The KRG’s Joint Crisis Coordination Centre (JCC) in its November report stated that the quick rise of the Kurdistan Region population has heavily strained the KRG as the government spends nearly two billion dollars on IDPs and refugees annually.
The JCC estimates the yearly cost for IDPs and refugees in the Kurdistan Region at two billion US dollars, stating that “the international community covers only approximately 25 percent [of that spending] through UN agencies and international non-governmental organizations.”
“The remaining 75% is shouldered by the KRG and host communities despite the deep financial crisis affecting the region since 2014,” the JCC report explained.
According to the report, the daily cost of each displaced person in the Kurdistan Region to cover basic needs such as shelter, security, water and sanitation, electricity, health, and education, as well as the administration and management of the camps is around USD 3,7.

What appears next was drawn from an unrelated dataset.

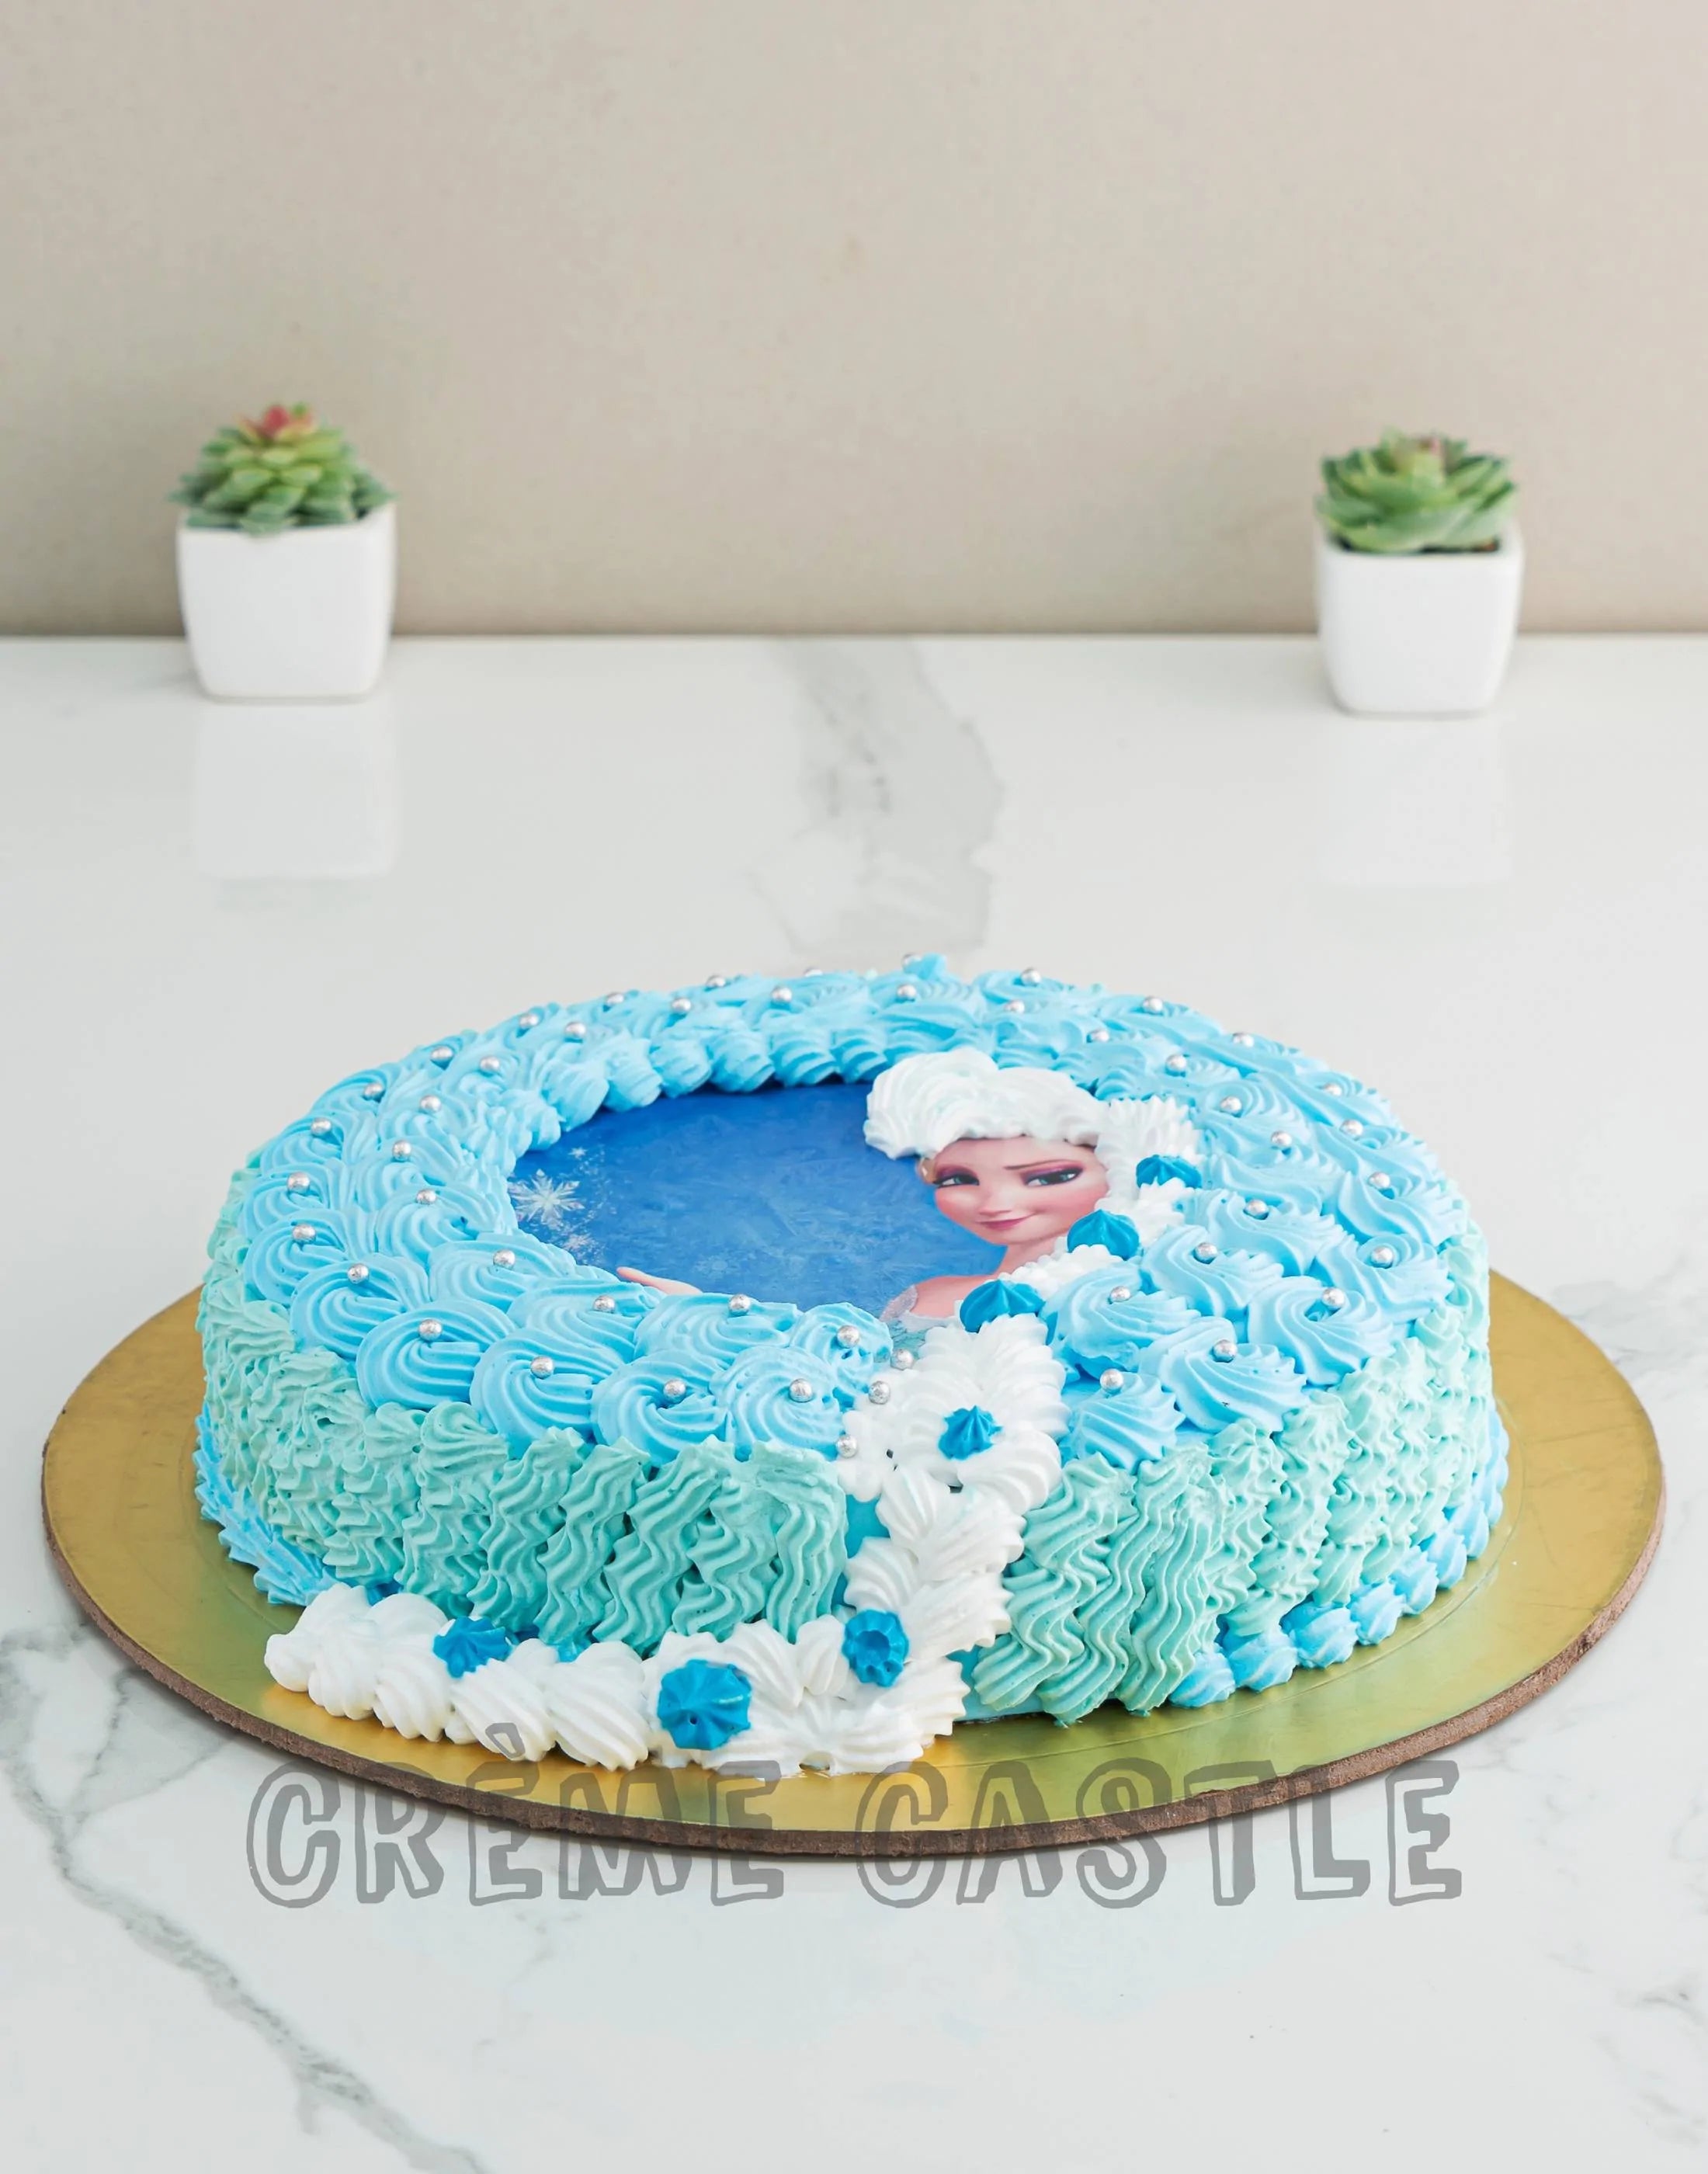 5 Easy Frozen Birthday Cake Ideas - Cake 2 The Rescue

The report, entitled 'KRG’s Humanitarian Leadership in Sheltering and Assisting Refugees and IDPs' highlights the Kurdistan Region’s leadership in welcoming and sheltering displaced people despite the economic and political crises that the region had first faced in the 1990s.
The report outlines several waves of displacement inside Iraq and from the neighboring countries into the Kurdistan Region since the 1990s as the Region received millions of IDPs and refugees.
The Kurdistan Region received thousands of refugees from Syria, Turkey, and Iran in 1990s with 40,000 of them still residing in the Region.
Between 2003 and 2010, the Region received 810,000 displaced people fleeing violence in their areas in Iraq, with 24 percent of them Sunni Arabs, 36 percent Kurds, and 25 percent Christians. The remaining were from other ethnic and religious backgrounds such as Ezidis and Turkmen.
From 2011 onward, 250,000 Syrian refugees fled to the Region, where 40 percent of them reside in nine refugee camps in the Erbil, Duhok, and Sulaimani governorates. Local communities host the rest.
In 2014, with the rise of the Islamic State (IS), over three million Iraqis were displaced, of which approximately 1.8 million fled to the Kurdistan Region.
The fifth wave of displacement into the Kurdistan Region was after the Iraqi army and Iranian-backed Shia Hashd al-Shaabi militia attacked Kirkuk and other disputed areas, resulting in the displacement of more than 160,000 people to the Region’s other cities.